WHAT TO PRODUCE
No pictures go in the copy. Restate, word for word, each line from the one containing "Sea Cider Farm and Ciderhouse image 2017" through the last line below.

COLLECTED MATERIAL
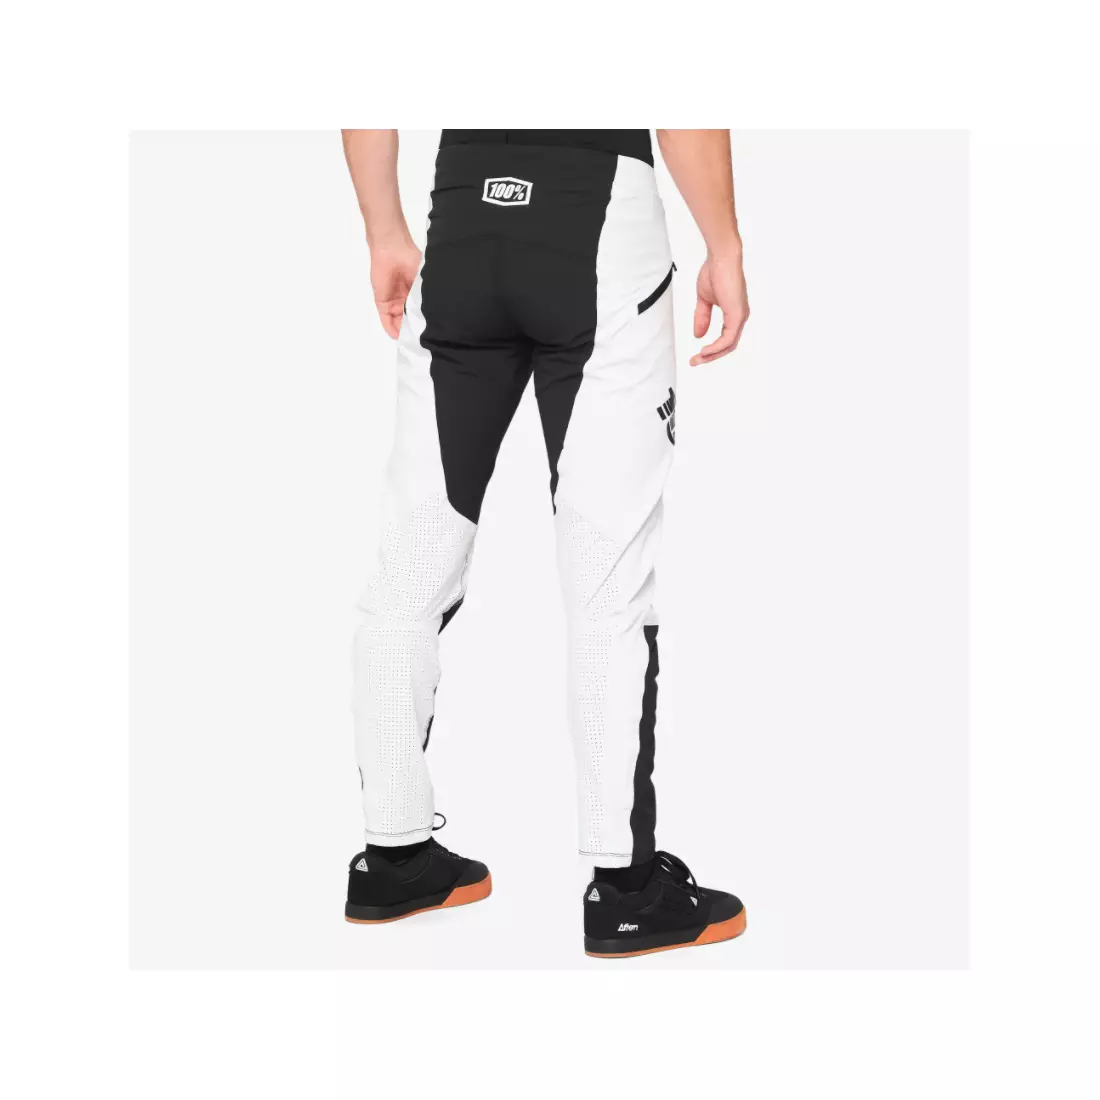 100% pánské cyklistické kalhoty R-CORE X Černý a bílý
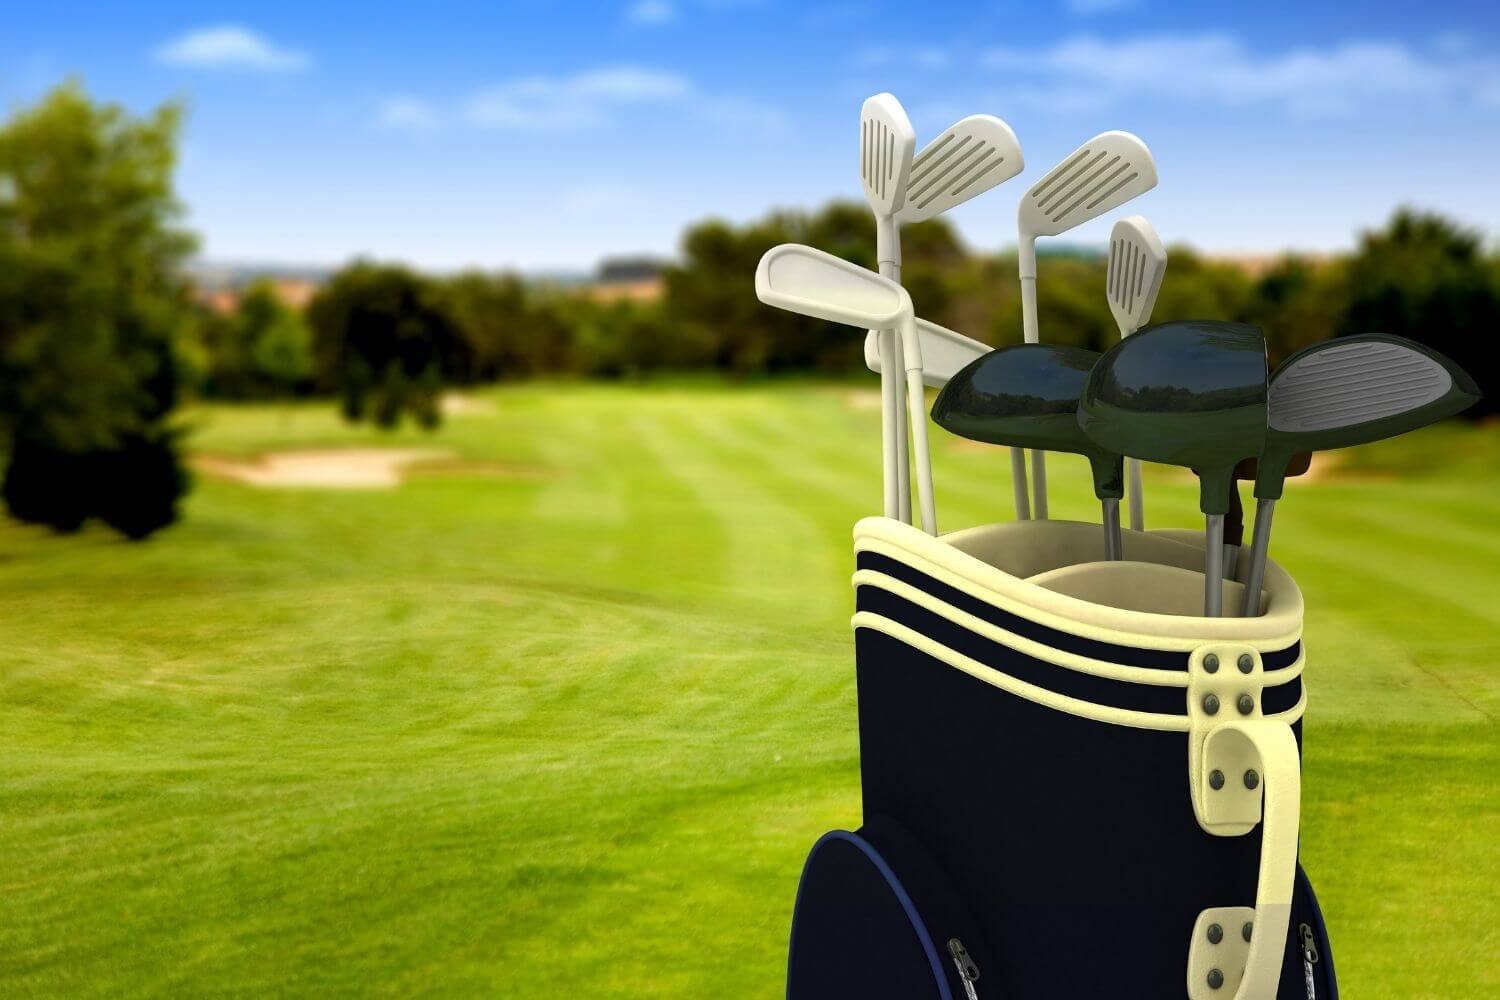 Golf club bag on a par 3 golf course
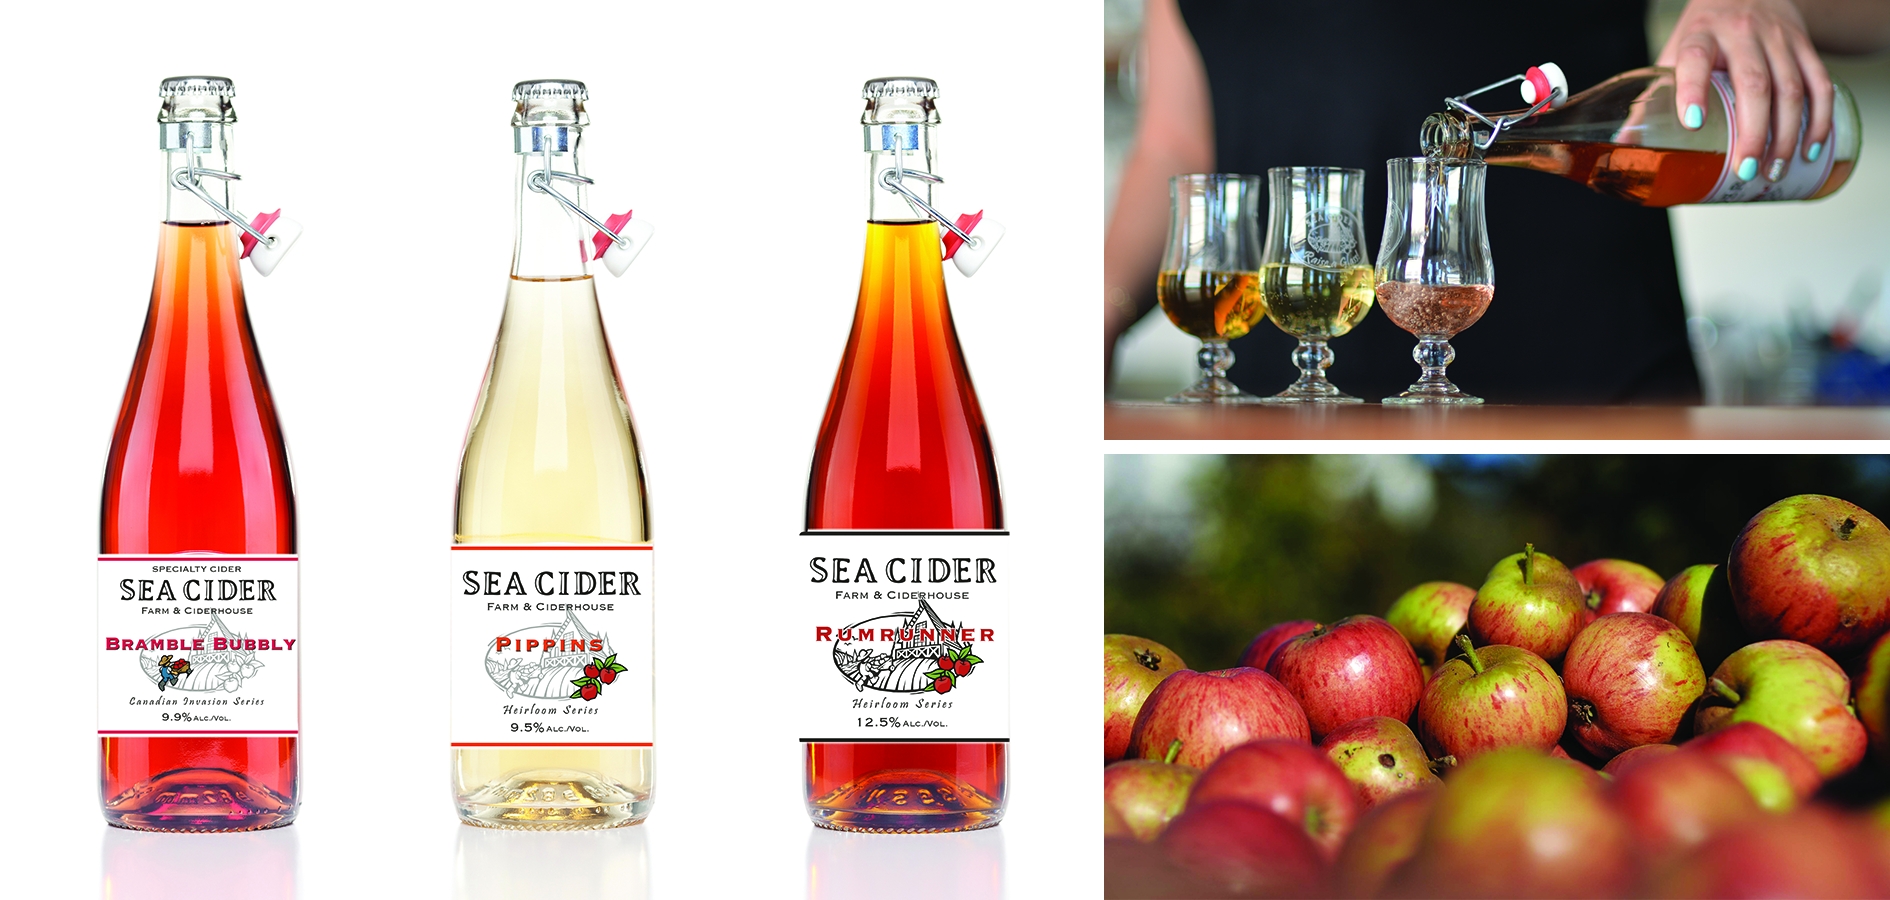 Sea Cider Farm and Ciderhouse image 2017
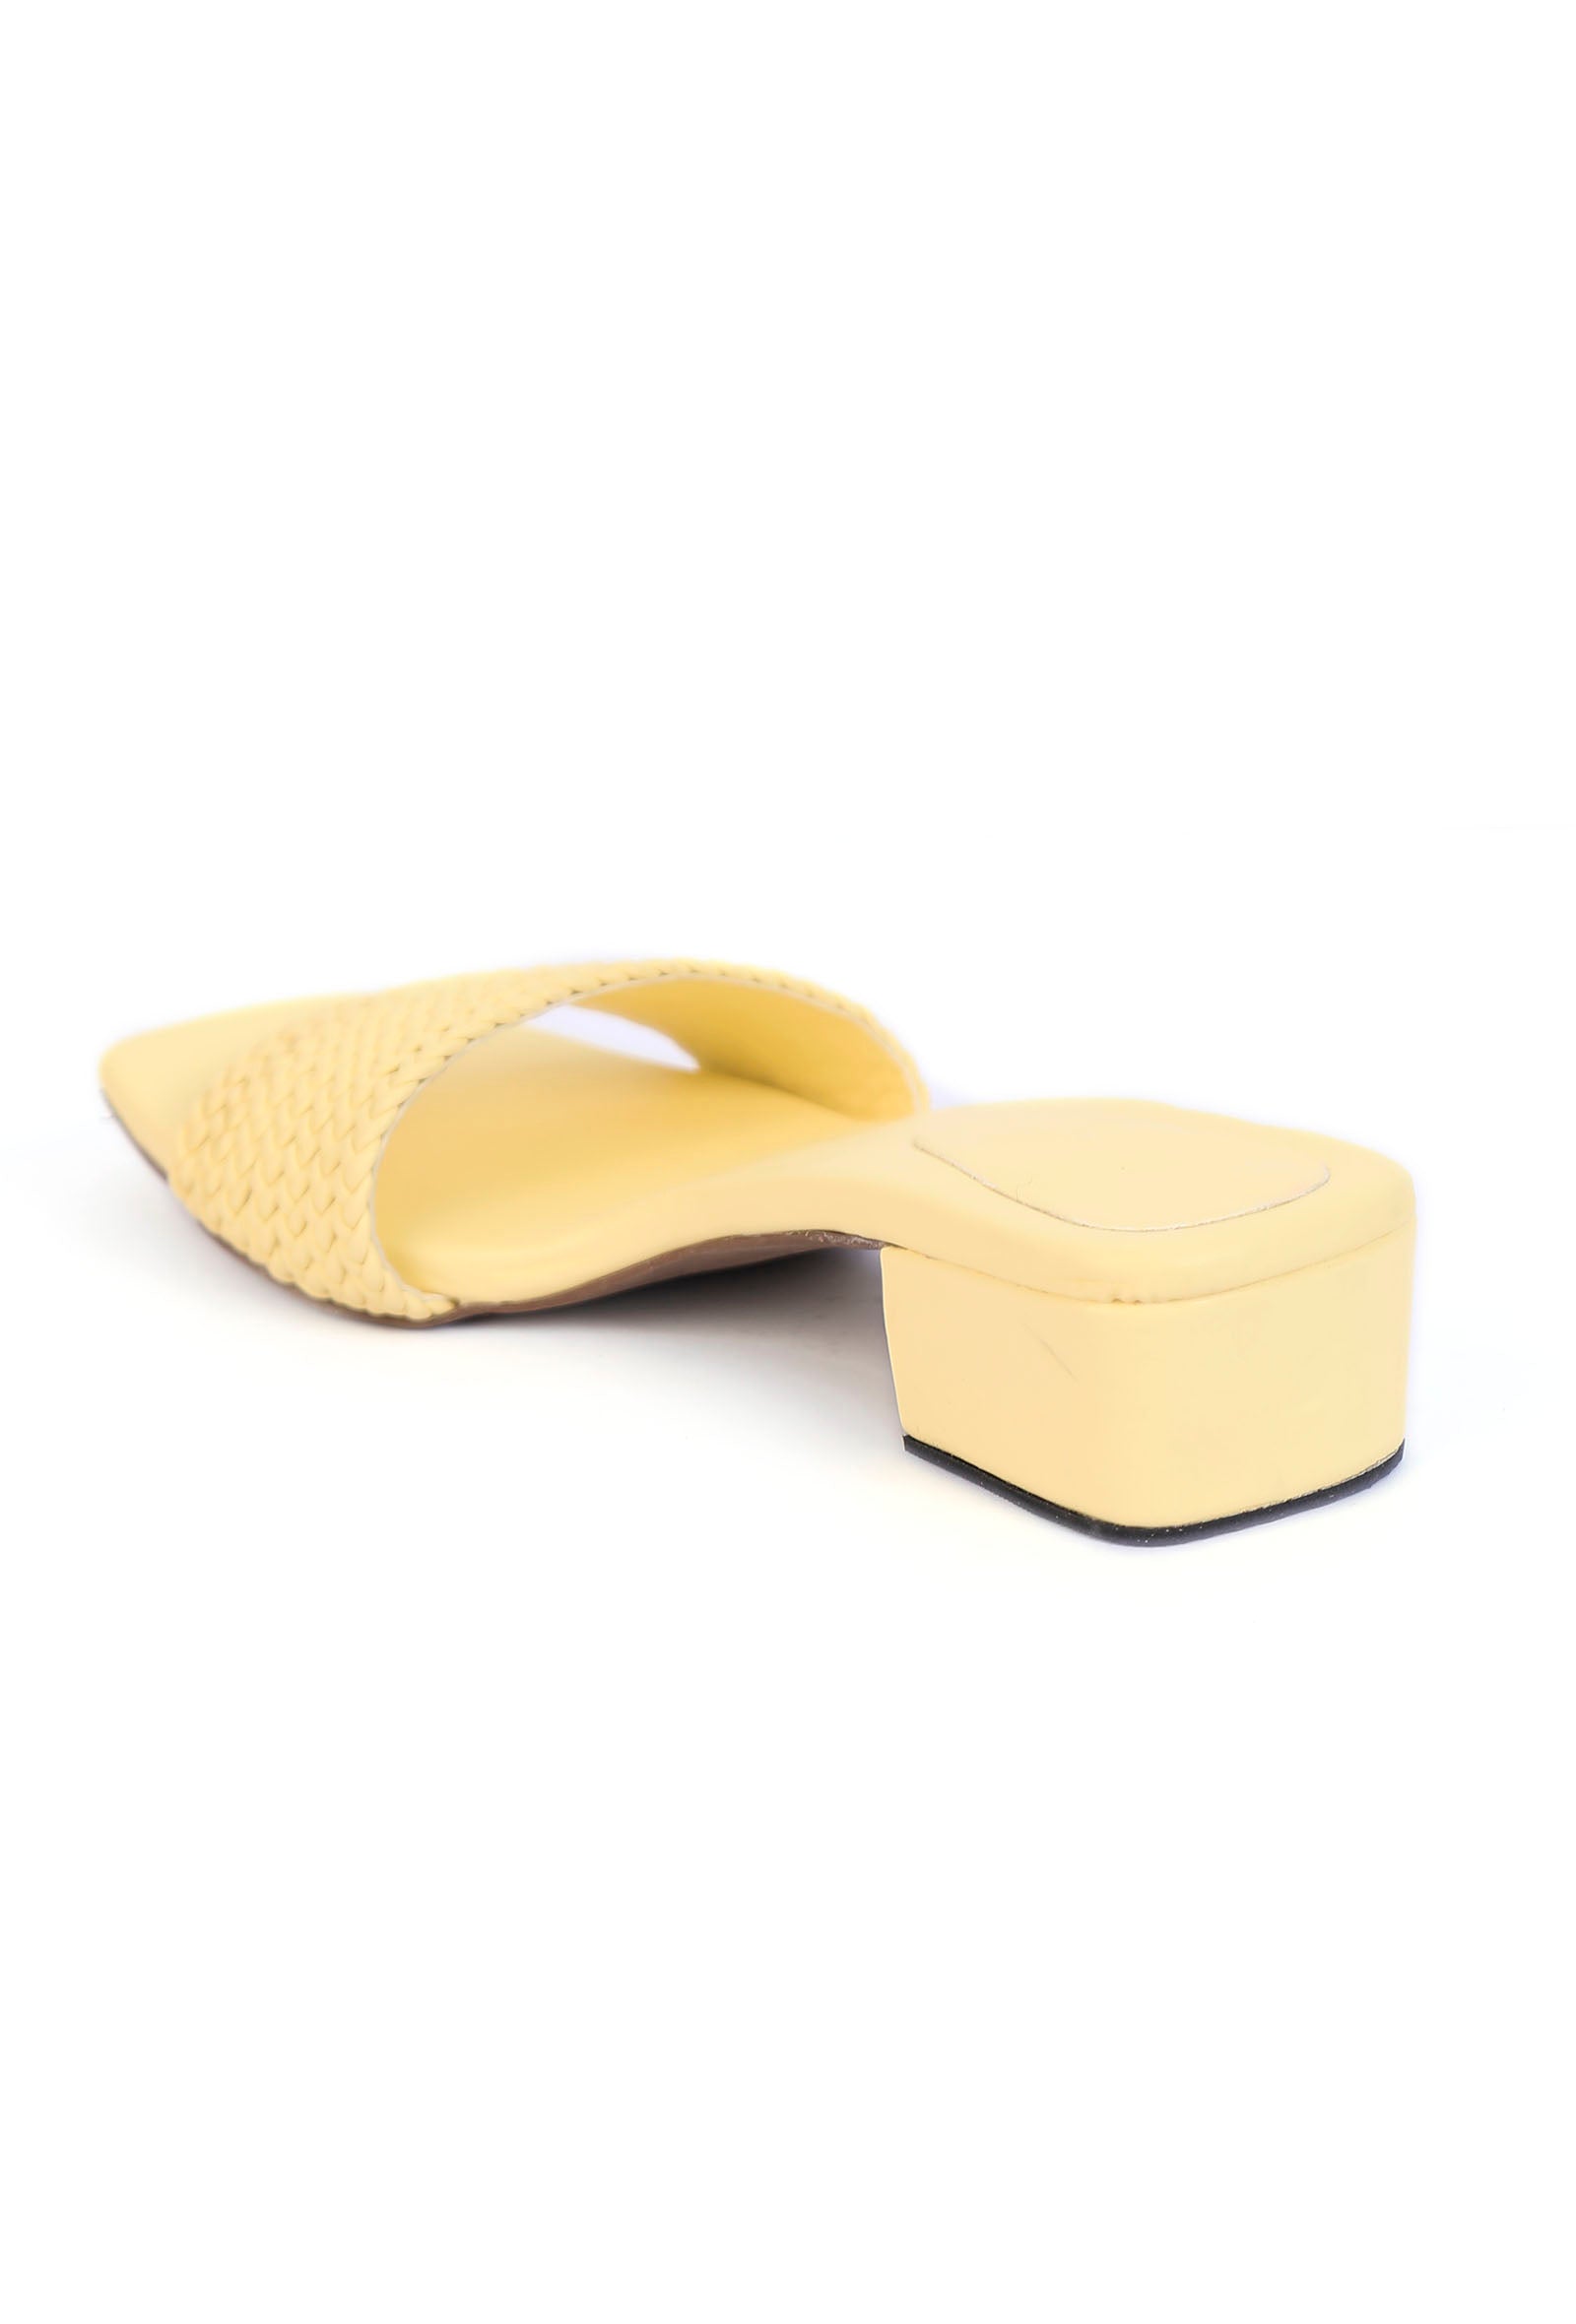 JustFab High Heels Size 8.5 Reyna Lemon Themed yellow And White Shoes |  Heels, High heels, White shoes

RESULT OF THE TASK
 Sea Cider Farm and Ciderhouse image 2017
 JustFab High Heels Size 8.5 Reyna Lemon Themed yellow And White Shoes |  Heels, High heels, White shoes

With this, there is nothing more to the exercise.